Grace Halsell (May 7, 1923 – August 16, 2000) was an American journalist and writer.
Contents
- Robin Kelley Lecture A Female Candide Inside US Empire with Grace Halsell
- Early life and education
- Career
- Death
- Books
- References

Early life and education

The daughter of writer Harry H. Halsell, she studied at Texas Tech from 1939 to 1942, at Columbia University from 1943 to 1944, at Texas Christian University from 1945 to 1951, and at the Sorbonne (Paris) from 1957 to 1958.
Career

Halsell worked for several newspapers between 1942 and 1965, including the Lubbock Avalanche-Journal, the Fort Worth Star-Telegram, and the Washington bureau of the Houston Post.

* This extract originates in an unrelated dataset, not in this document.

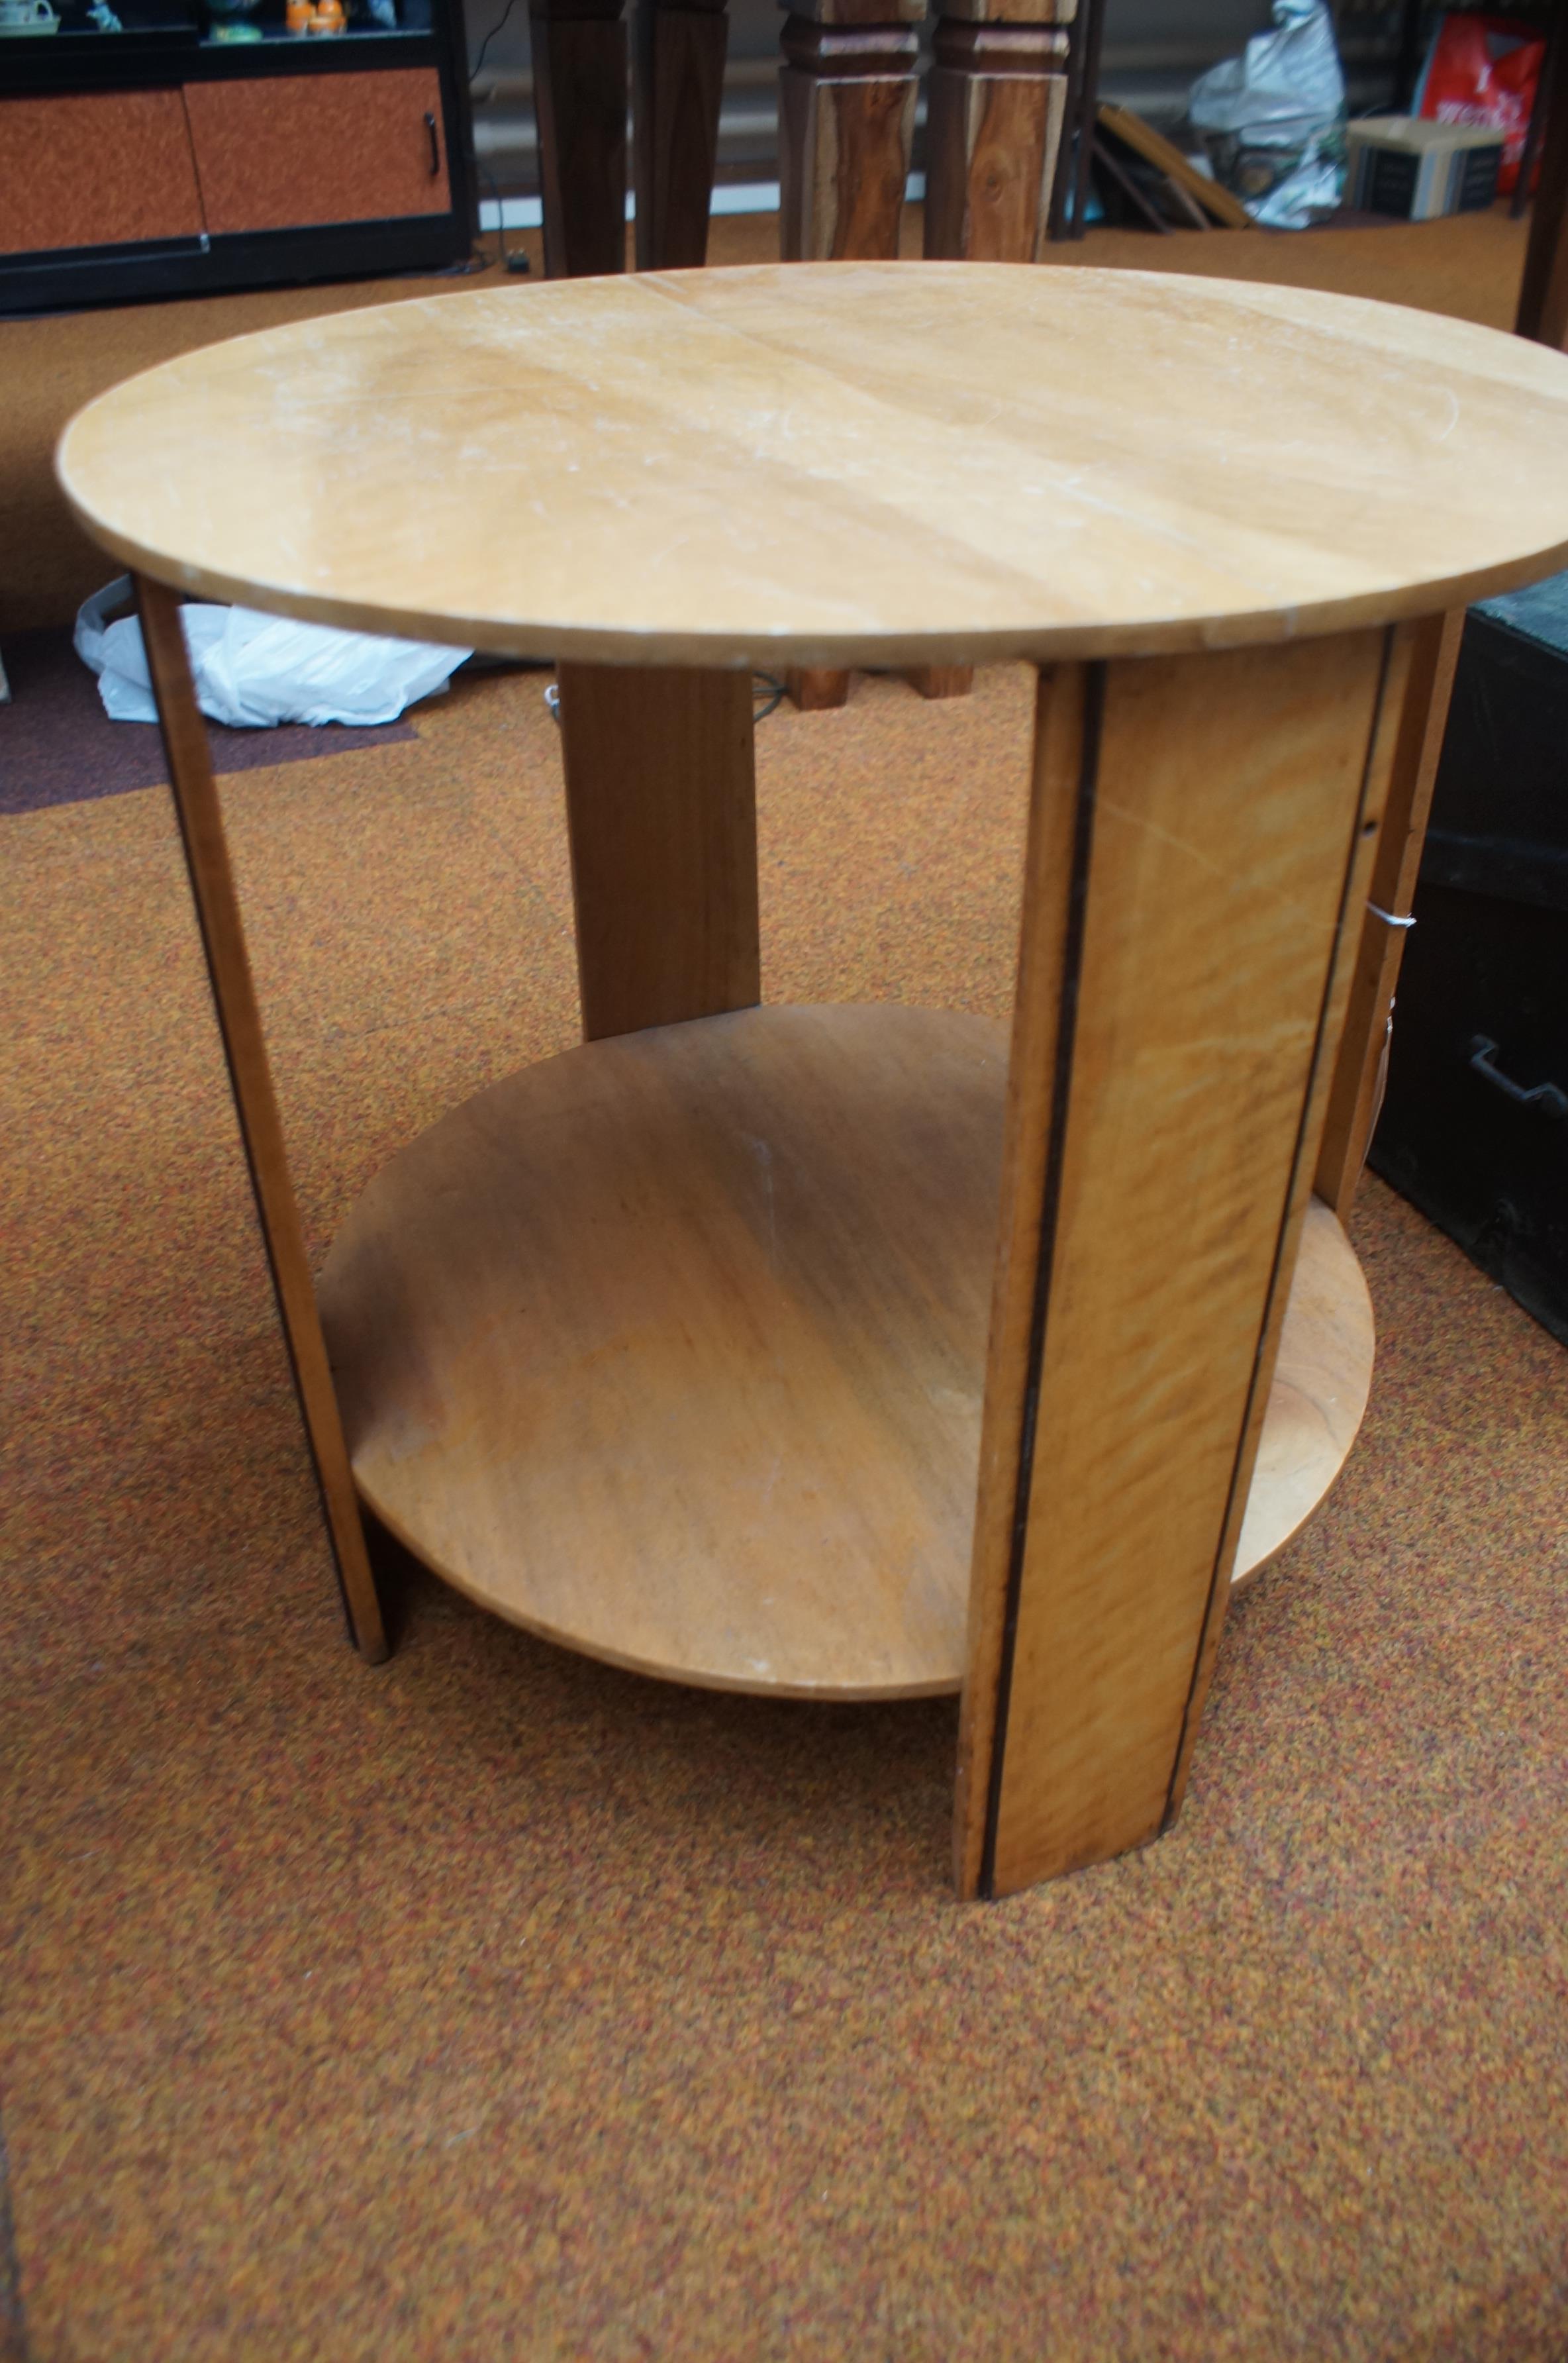 Lot 181 - Retro mid century coffee table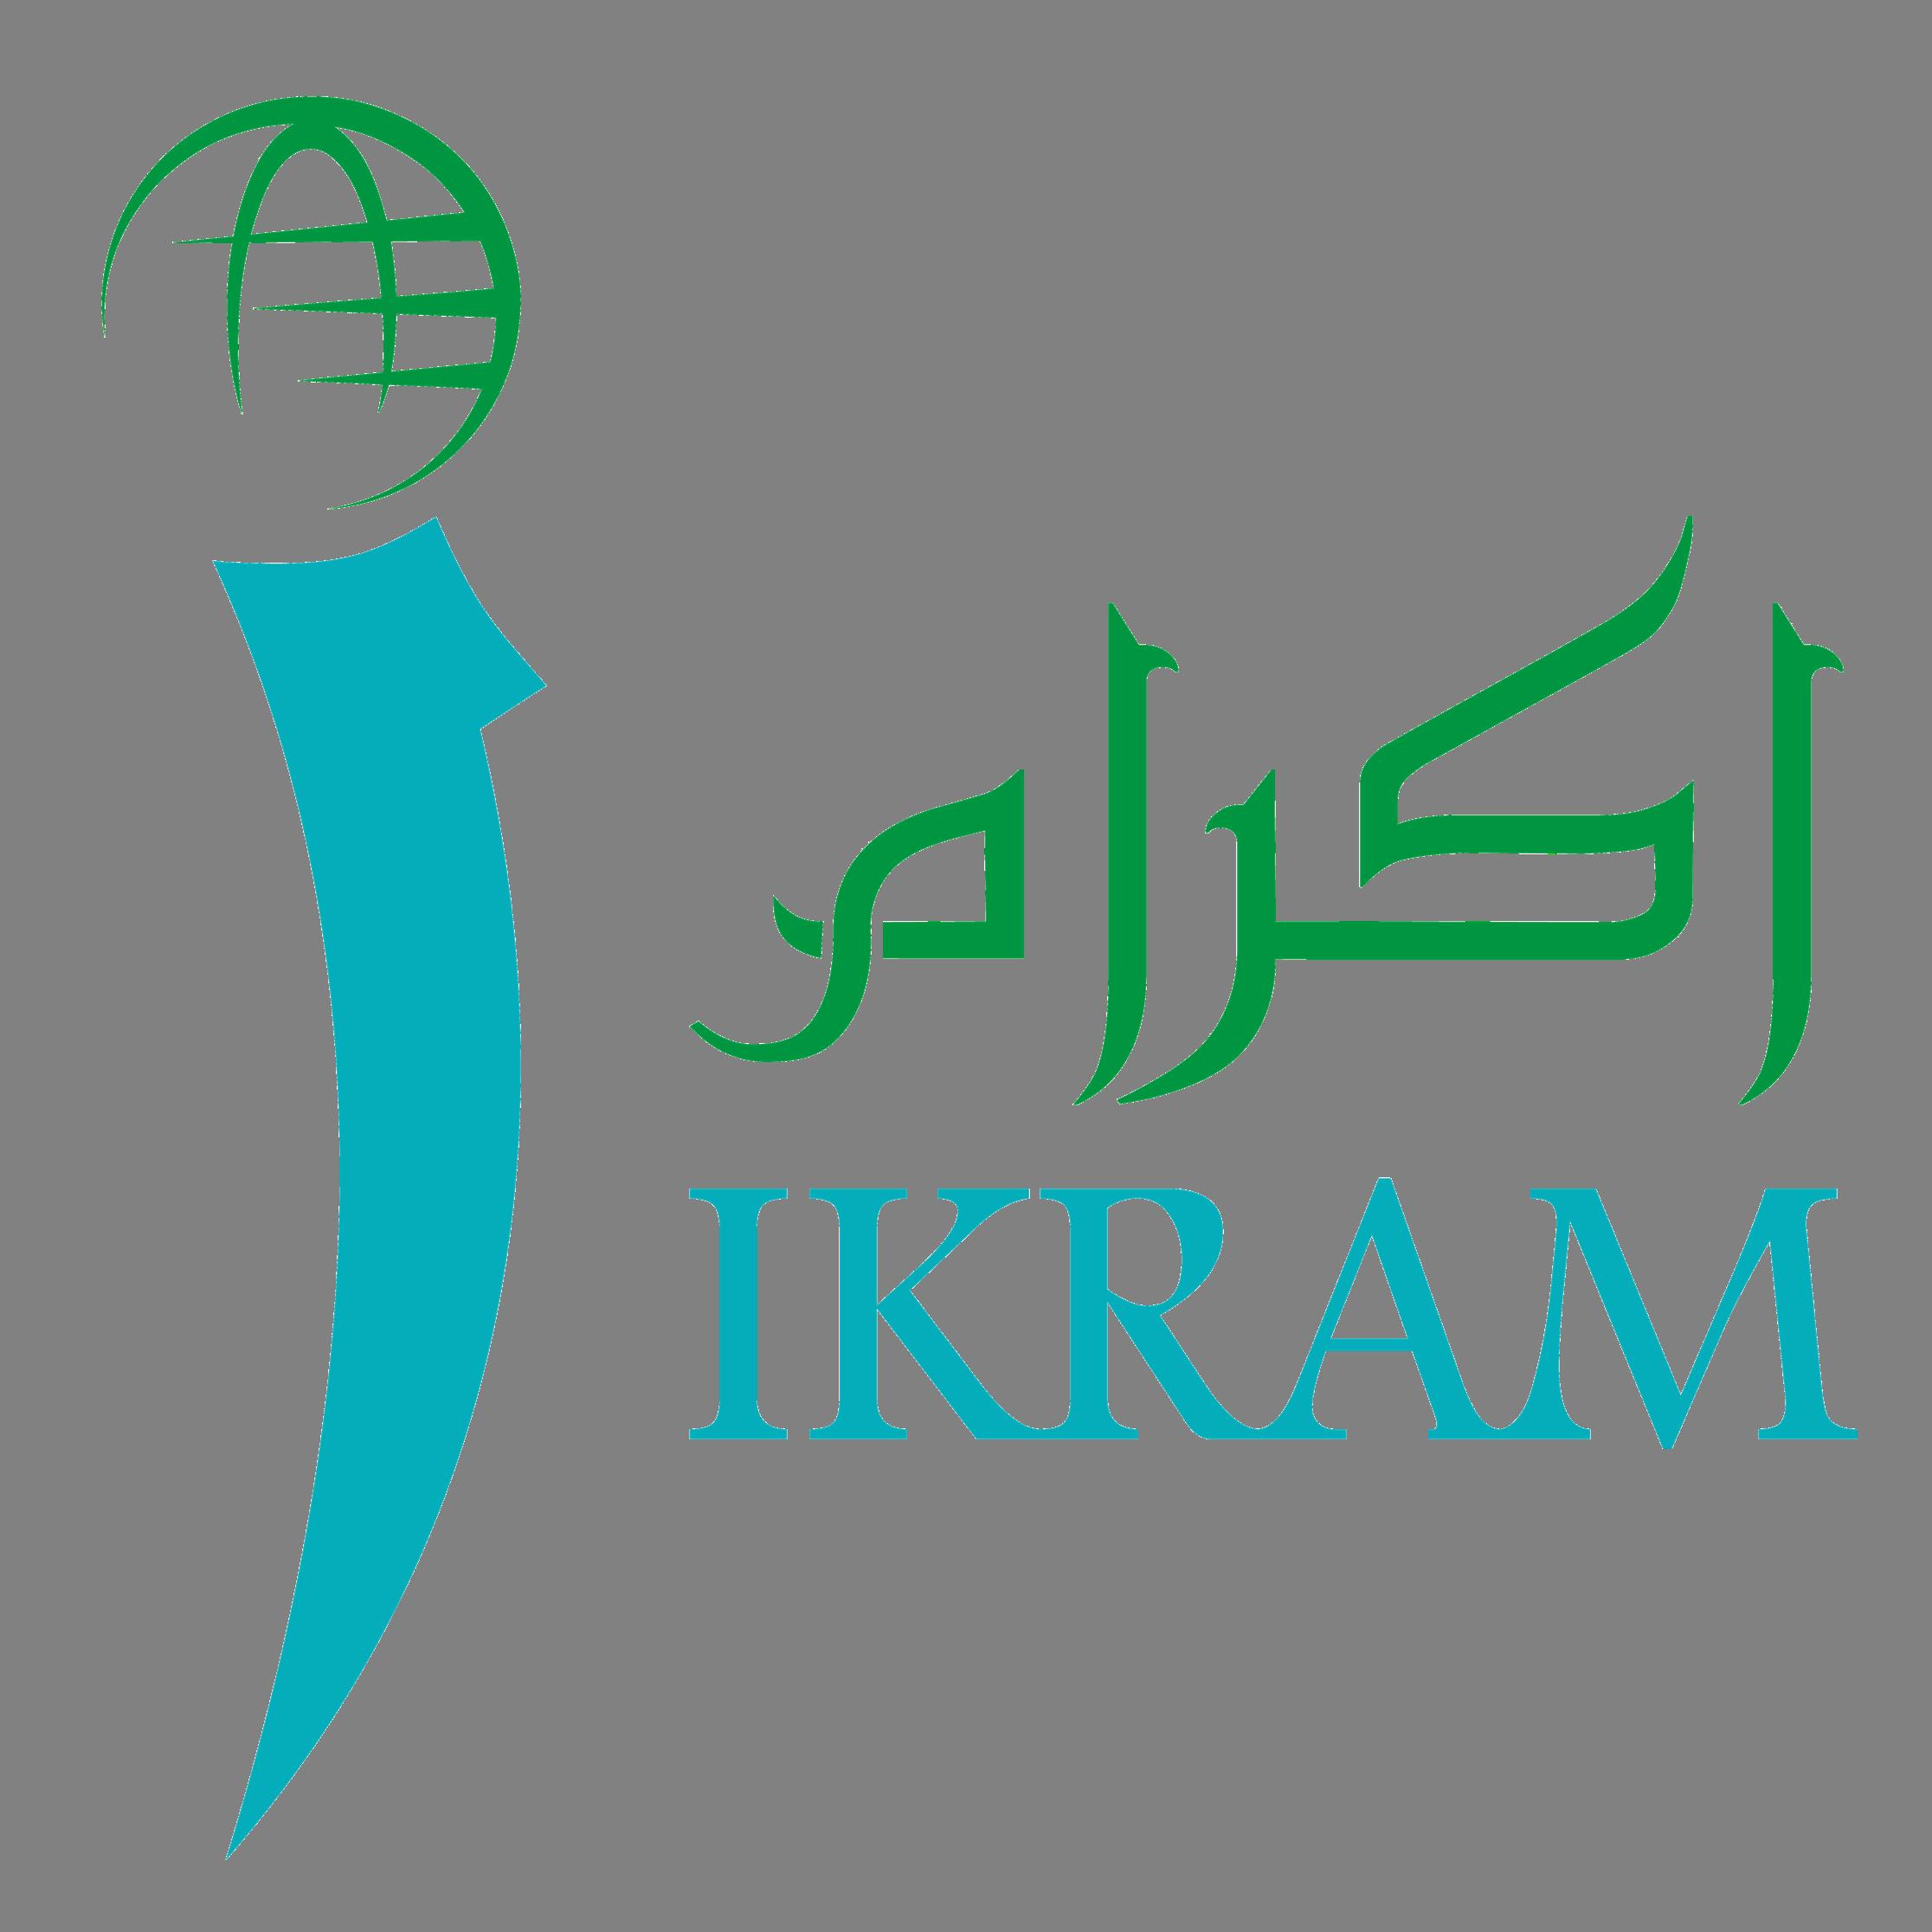 ikram-original

She covered both the Korean and Vietnam Wars as a reporter, and was a White House speech writer for President Lyndon B. Johnson from 1965 to 1968. She wrote ten books, including the critically acclaimed Soul Sister and Journey to Jerusalem.
Death
In 2000, she died in Washington, D.C., of complications from treatment for multiple myeloma. She bequeathed her papers to the Mary Couts Burnett Library at Texas Christian University in Fort Worth. Some of her work is housed at Boston University's Howard Gotlieb Archival Research Center.